Thanks Elevan, I just went back out again, for the 100th time today, and she is finally eating on that side, she still shakes her head occasionally but not the shake and choke like earlier. I didn't know they could get an impacted cud....oh no something else to add to the list...but my granddaughter went out and ran and played with her and she is acting more normal. How do you fix an impacted cud? I have tried to look in her mouth but its so small its almost impossible to see in. and she obviously does NOT cooperate. I still think she may have bitten her cheek or tongue during the horrible fit. I feel so much better just seeing her play. I am going to watch close to see if she is chewing cud, I haven't seen her belch as much as usual but I thought it was because she wasn't eating as much.


----------



## elevan (Jun 7, 2012)

craftbug1021 said:
			
		

> Thanks Elevan, I just went back out again, for the 100th time today, and she is finally eating on that side, she still shakes her head occasionally but not the shake and choke like earlier. I didn't know they could get an impacted cud....oh no something else to add to the list...but my granddaughter went out and ran and played with her and she is acting more normal. How do you fix an impacted cud? I have tried to look in her mouth but its so small its almost impossible to see in. and she obviously does NOT cooperate. I still think she may have bitten her cheek or tongue during the horrible fit. I feel so much better just seeing her play. I am going to watch close to see if she is chewing cud, I haven't seen her belch as much as usual but I thought it was because she wasn't eating as much.


Depending on how impacted it (cud) is then you can at times use your finger (or a blunt stick) to leverage it out.  But if it keeps being a problem you'll need the vet to permanently fix it.  It's not extremely common but something you should be aware of.

She may have ate something that caused a "hay poke" which is kind of like a splinter in your mouth.  Keep an eye on her and if it continues to be a problem I would call the vet to have them have a look if you can't.

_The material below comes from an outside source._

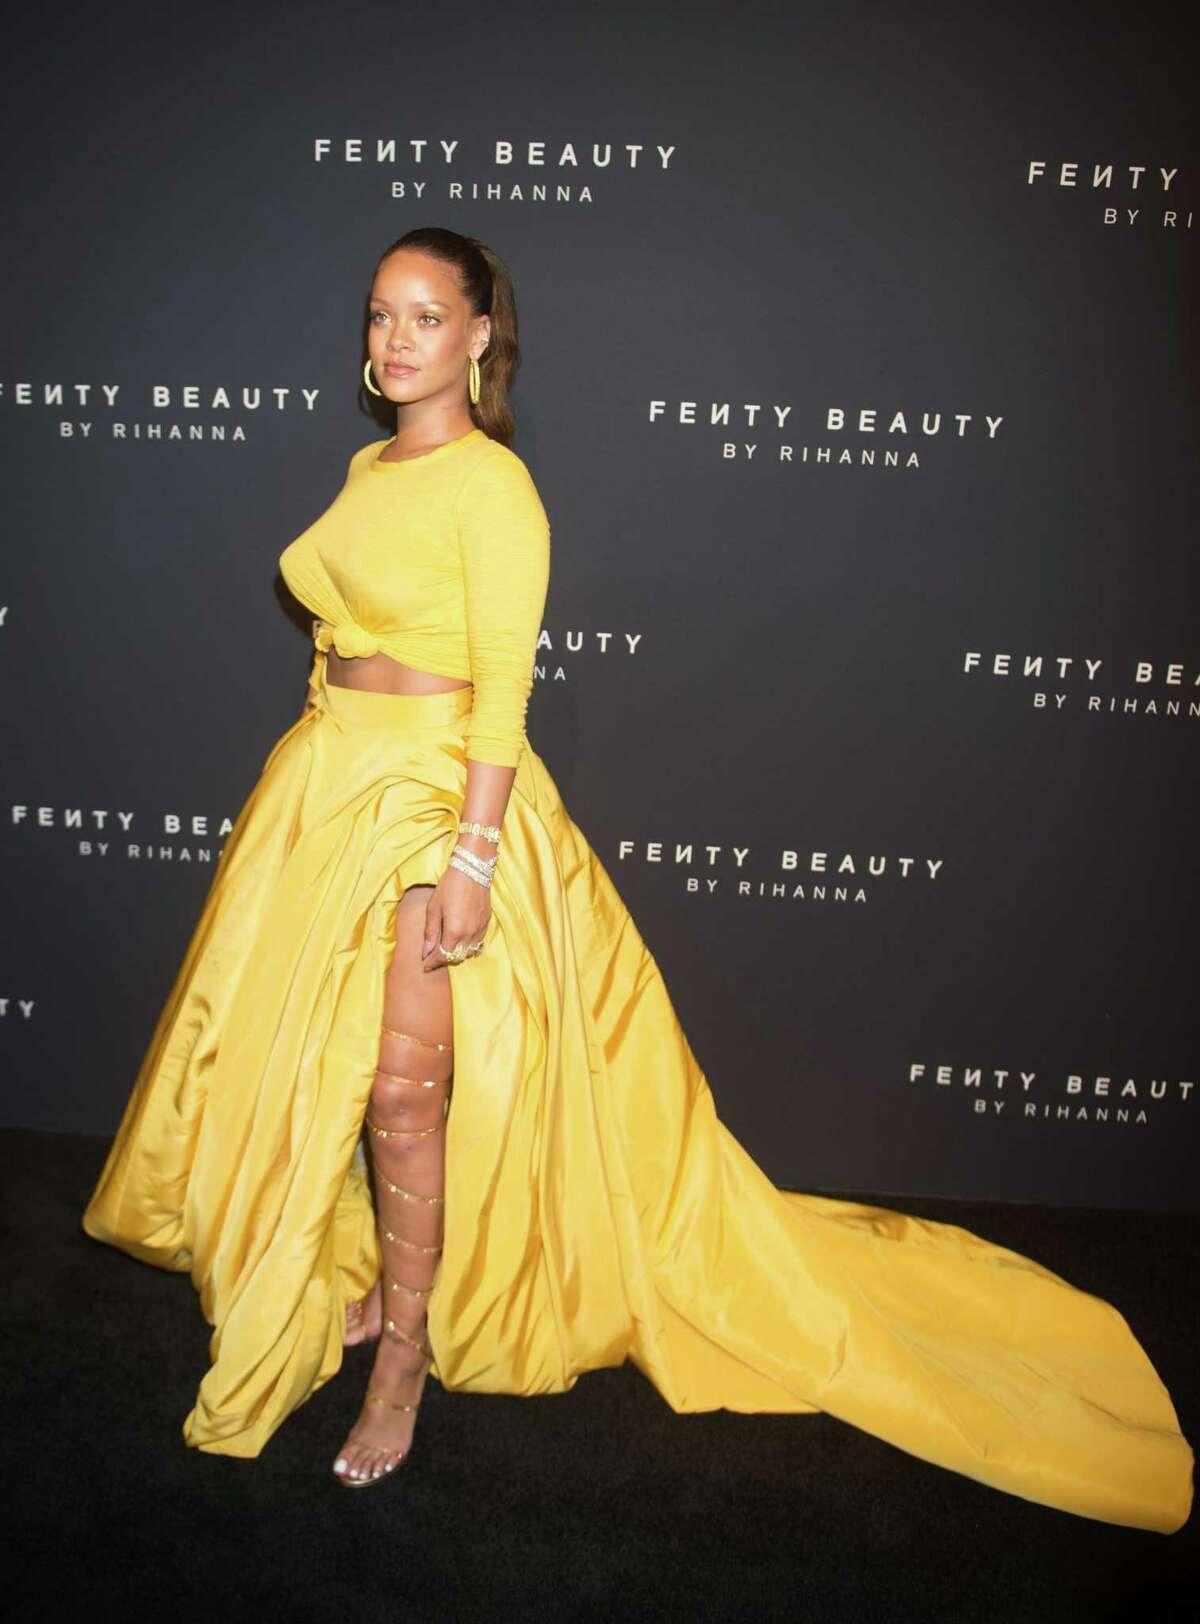 Rihanna arrives to celebrate the launch of her beauty brand, Fenty Beauty by Rihanna.

I'm glad she seems better today.


----------



## craftbug1021 (Jun 8, 2012)

Lily is back to her normal self today, not shaking her head but very rarely. Is chewing on her left side now. Obviously has very sharp teeth, was sitting on the glider with her and she chewed a hole in my skirt! Hate wearing skirts as it is but have to keep my legs covered because of the rash she gave me rubbing against my legs.....(sigh) the joys of being a goat Maaa 
She FINALLY gave me hugs, first ones since the shot trauma. What a spoiled little diva but I think I will keep her!!
I took some pics because today is her 2 month birthday!!! Tried to give her animal crackers for her birthday, she turned her nose up at them.....(sigh):/
She seems like she has lost weight you can see her flanks and you couldnt before but I am sure that is because she is weaned now also. Decided not to give her back her ba since she refused it for days didnt seem smart to give it back just to wean her when the bag of milk ran out. I just wish she would eat the animal crackers I was hoping to find a substitute for her ba's when she saw me I want to give her a treat. I really really miss the bottle feedings.
But I will keep trying I am sure we can find something she will like am going to try raisins next.


----------



## elevan (Jun 8, 2012)

My goats love crunchy, dried up leaves or "pigweed" as treats best.  Look around your yard, I'm sure you can find a special weed that will serve the purpose


----------



## SassyKat6181 (Jun 9, 2012)

mine are crazy about dandelions


----------



## Mamaboid (Jun 9, 2012)

Mine like carrots, and very sparingly once in a while as a real treat, they get a handful of scratch grain.


----------



## byardbabe (Jun 10, 2012)

mine love raisins


----------



## Farmer Connie (Aug 4, 2017)

craftbug1021 said:


> I had gotten the dose from the person she came from. She is maybe 20 pounds and I gave her 1cc. I have been told that was too much, there is so much info out there that its hard to know what to do. I am definitely not giving her a shot anymore. I am researching (which is what I should have done before going on blind faith) and looking into herbal wormers from here on out.
> I also read where if she was with chickens (mine free range, and she sleeps in the coop but separated from them) that she wouldn't have as much trouble with worms, then someone else said there was more chance with chickens:/ its so hard being a good goat Maaa


Our vet uses CYDECTIN. She says double the dose recommended for sheep when administered to goats.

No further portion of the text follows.